At the same time, in my other blogs, there are other synthetic methods of this type of compound, 4-Iodobenzenesulfonyl chloride, and friends who are interested can also refer to it.

Application of 77317-55-6, Each compound has different characteristics, and only by selecting the characteristics of the compound suitable for a specific situation can the compound be applied on a large scale. 77317-55-6, name is Methyl 2-amino-5-iodobenzoate, This compound has unique chemical properties. The synthetic route is as follows.

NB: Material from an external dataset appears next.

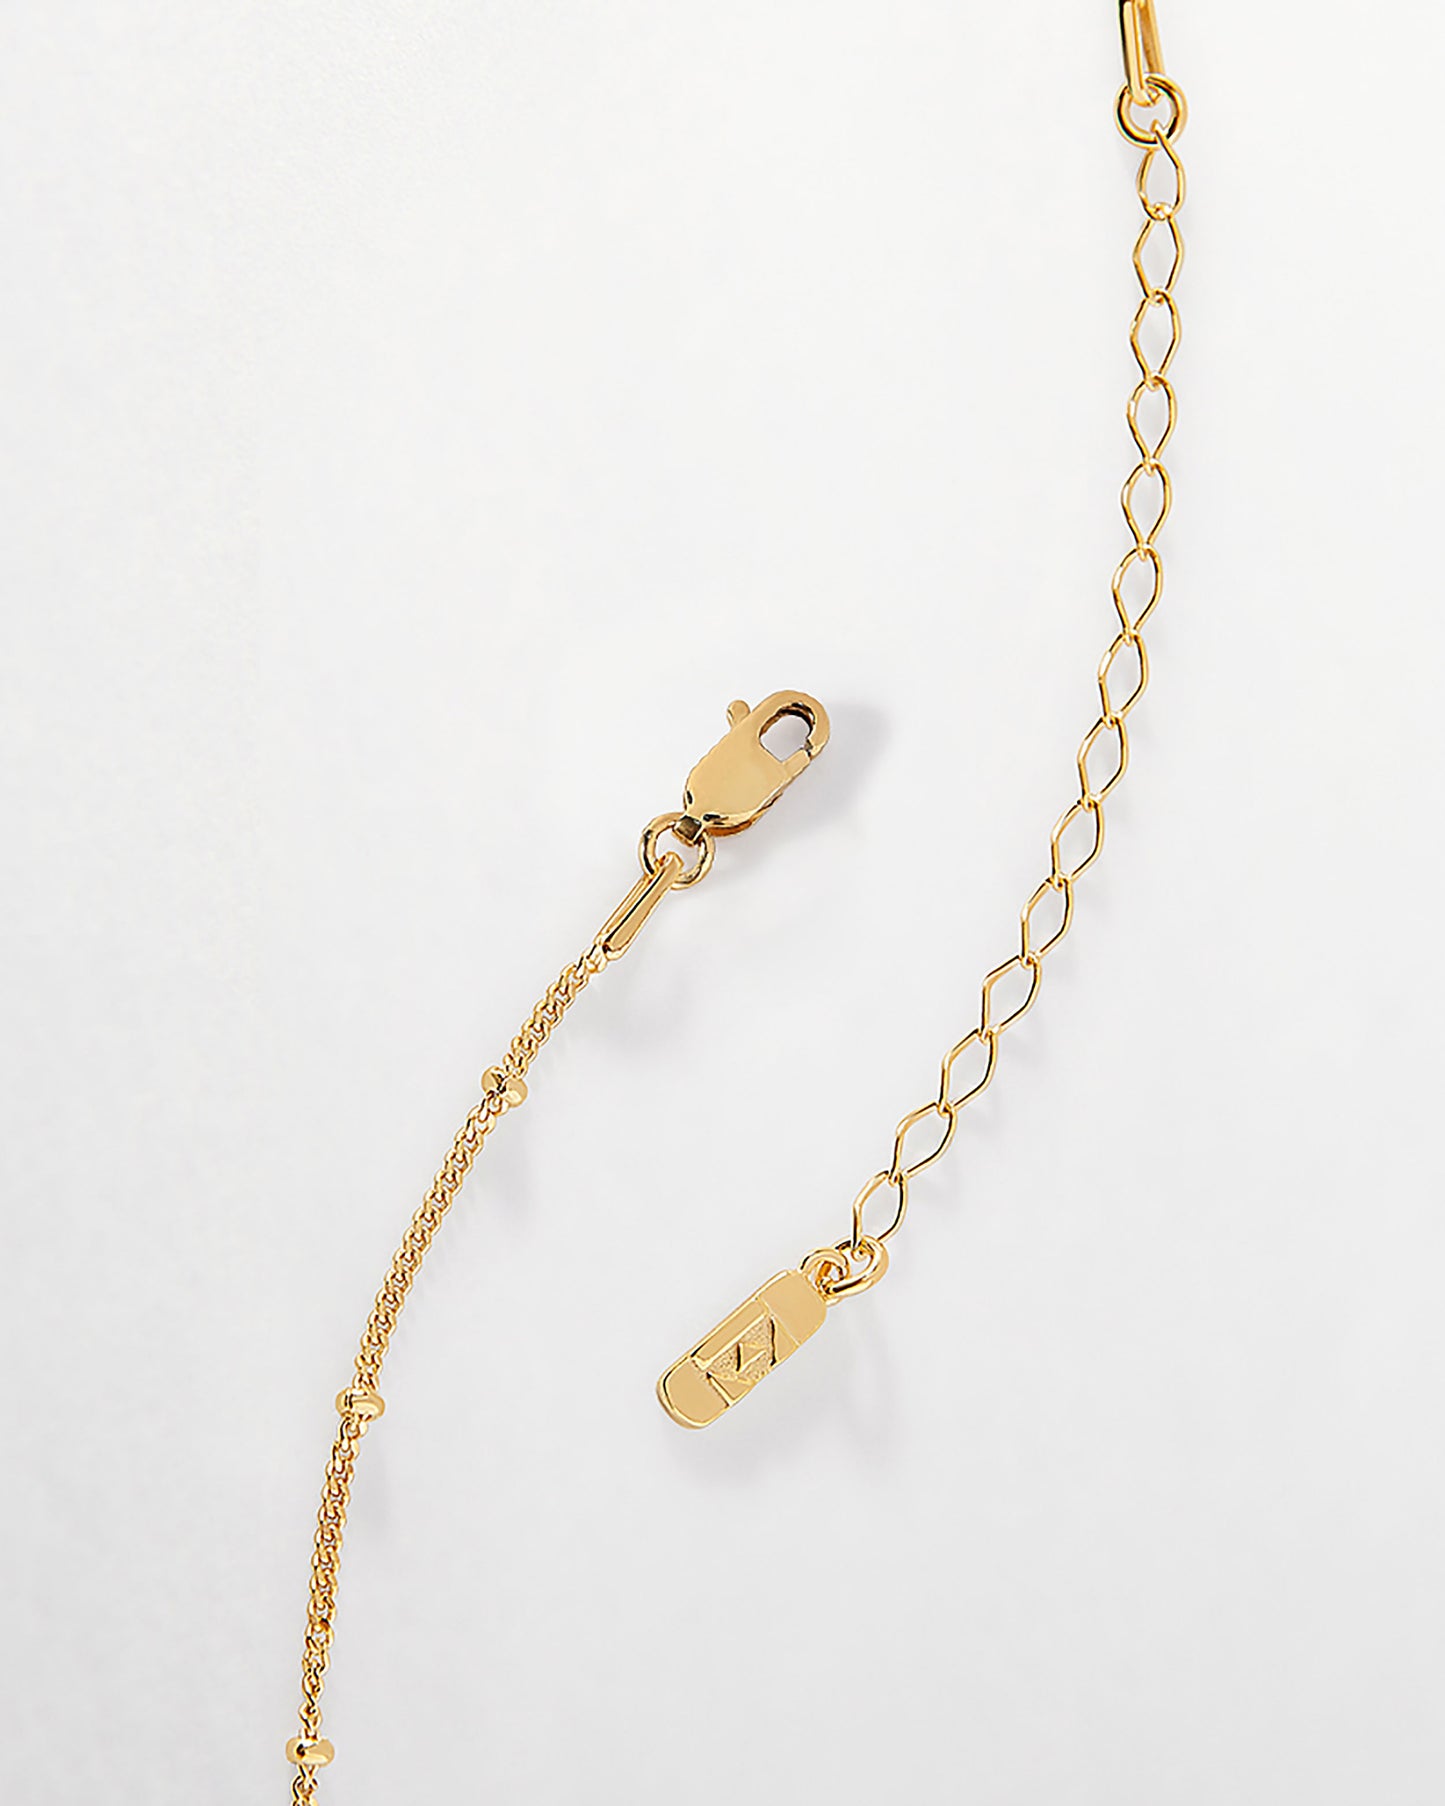 Double Initial Necklace - Gold

b) (2-Amino-5-iodo-phenyl)-methanol; Intermediate 17a (14.00 g) was dissolved in dry THF (50 ml_) and 1M diisobutylaluminium hydride in THF (165 ml_) was added dropwise to this solution at -30C. The solution was then stirred at -150C for 1 h. To this mixture MeOH (50 mL) was added portionwise maintaining the temperature of the solution below -5C. The resulting mixture was then at -15C for 18 h. The formed solid was filtered off and washed with MeOH. The organic phase was dried and the solvent was evaporated in vacuo. The residue was purified by flash chromatography (silica gel, 1-5% methanol in dichloromethane) to give the title compound (9.70 g); ESMS m/z 249.9 [M+H]+.

The chemical industry reduces the impact on the environment during synthesis Methyl 2-amino-5-iodobenzoate. I believe this compound will play a more active role in future production and life.